**YOUR INSTRUCTIONS:** The material below holds pictures; leave them out and reproduce exactly the lines from the one with "Kentucky Health Insurance" through the one with "紫色简约剪纸风纪念日联合国日宣传海报", inclusive.

**ENTRIES SHOWN:**

- Opening Delimiter -

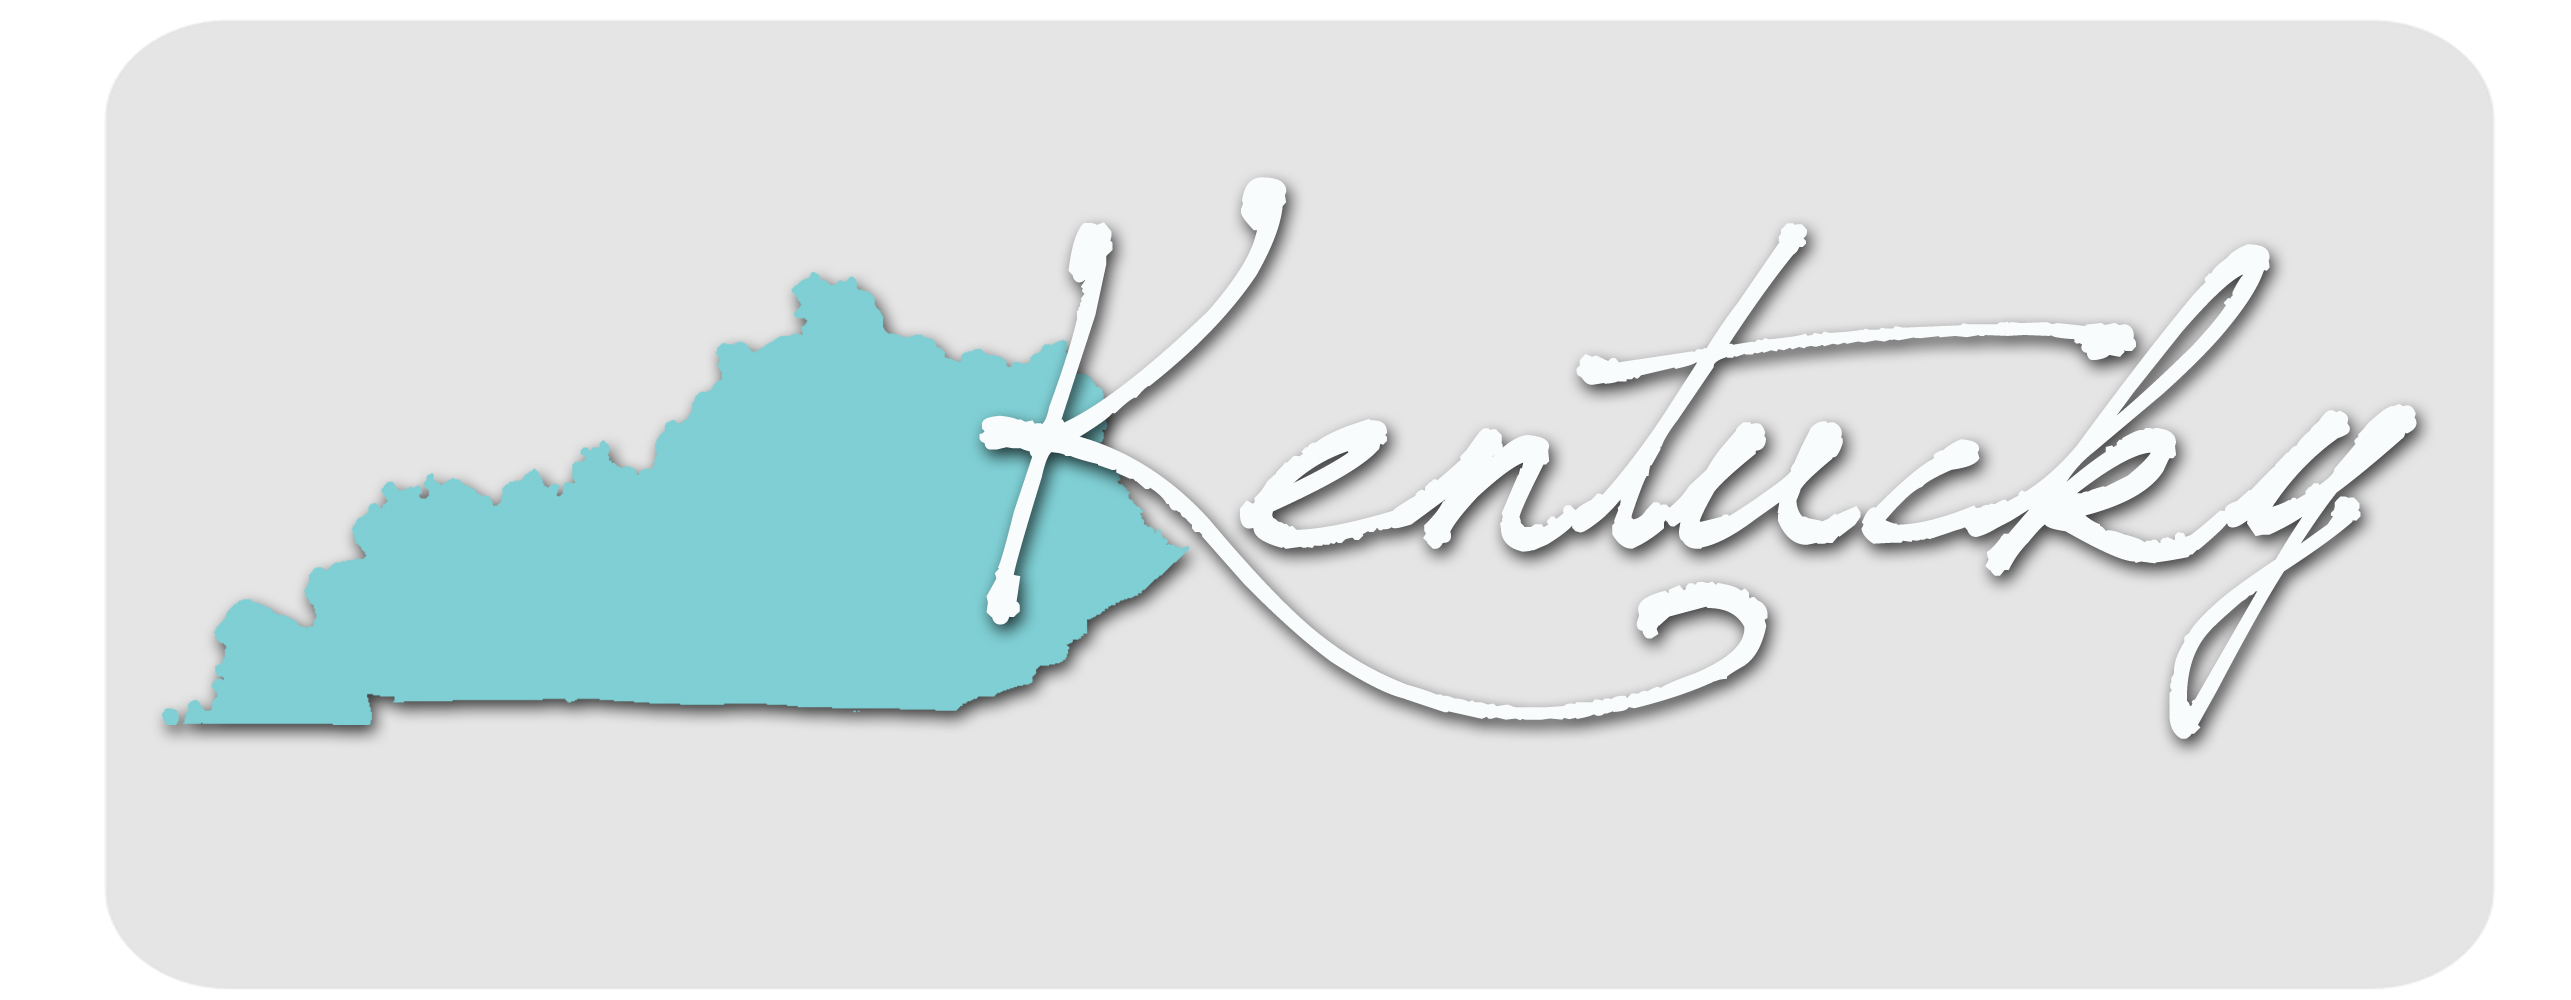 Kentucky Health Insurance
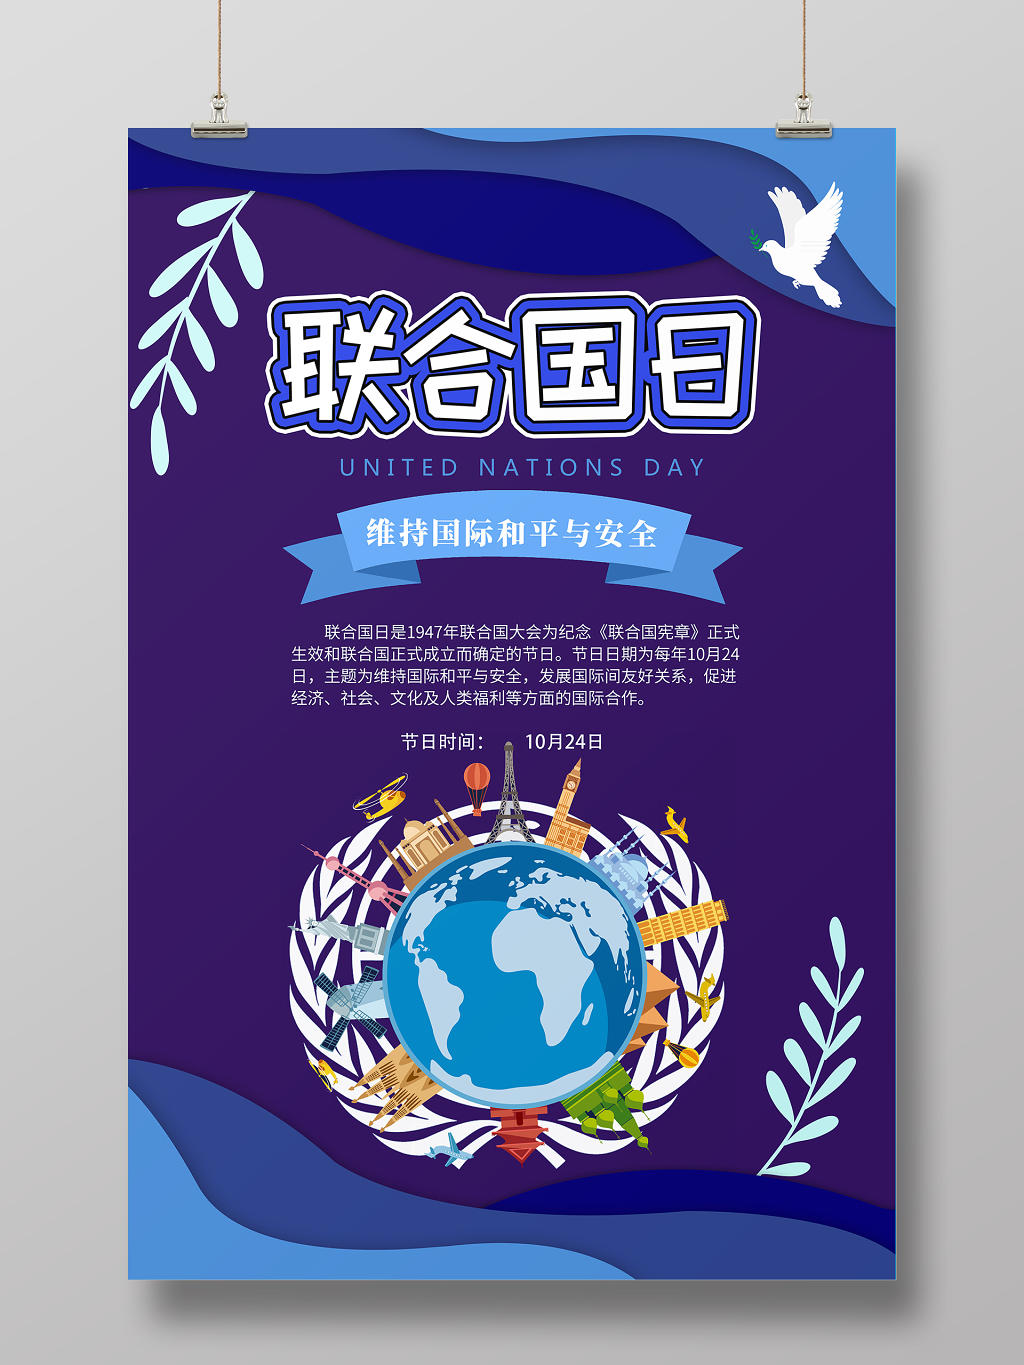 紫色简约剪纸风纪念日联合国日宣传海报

- Closing Delimiter -
- Opening Delimiter -

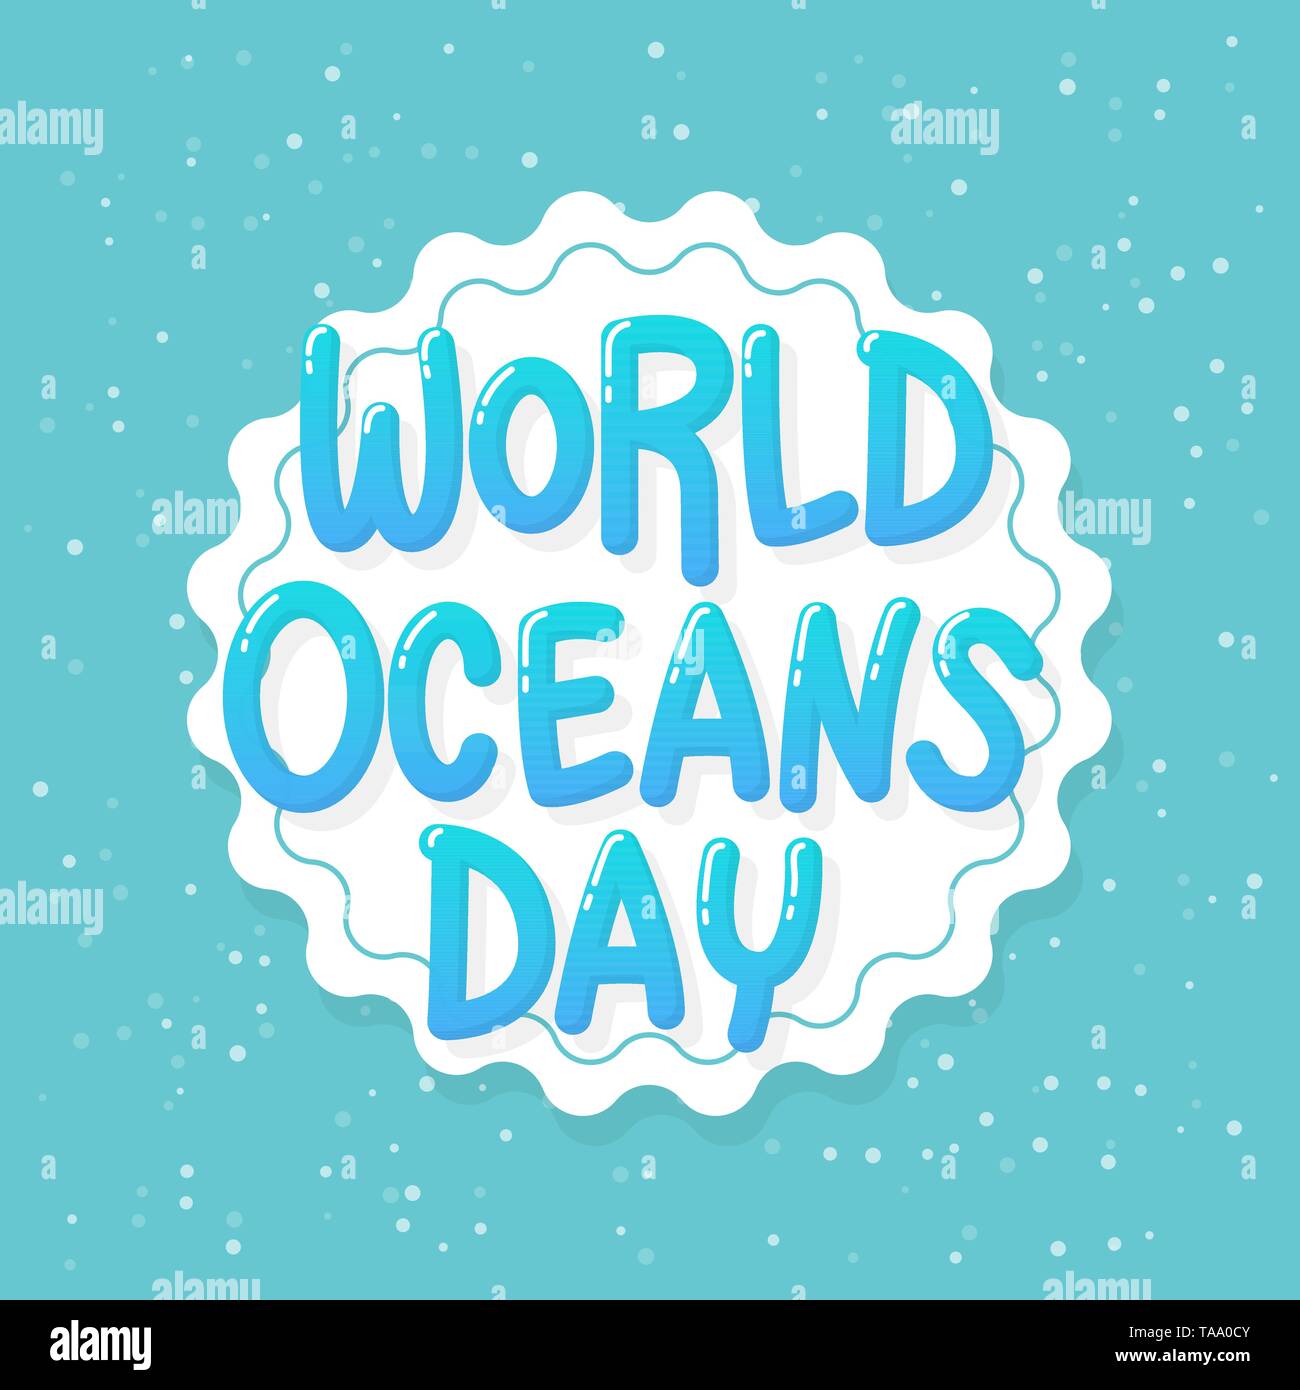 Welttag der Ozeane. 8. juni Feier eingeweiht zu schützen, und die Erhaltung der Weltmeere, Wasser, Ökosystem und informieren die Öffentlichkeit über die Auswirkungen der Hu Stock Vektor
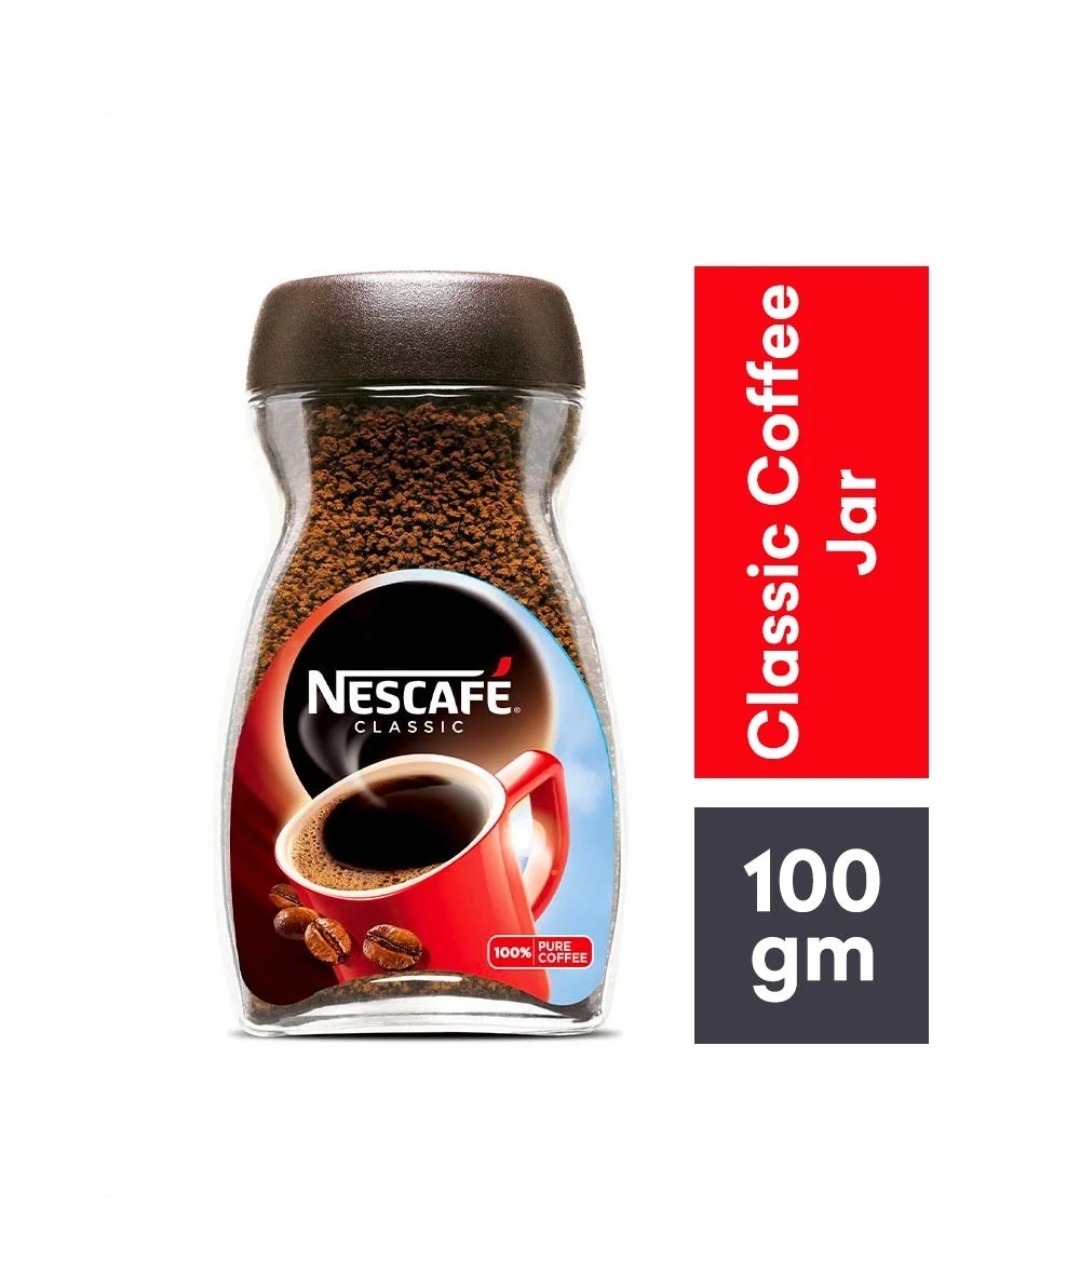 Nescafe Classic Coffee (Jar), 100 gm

- Closing Delimiter -

**RESULT OF THE EXERCISE:**
 Kentucky Health Insurance
 紫色简约剪纸风纪念日联合国日宣传海报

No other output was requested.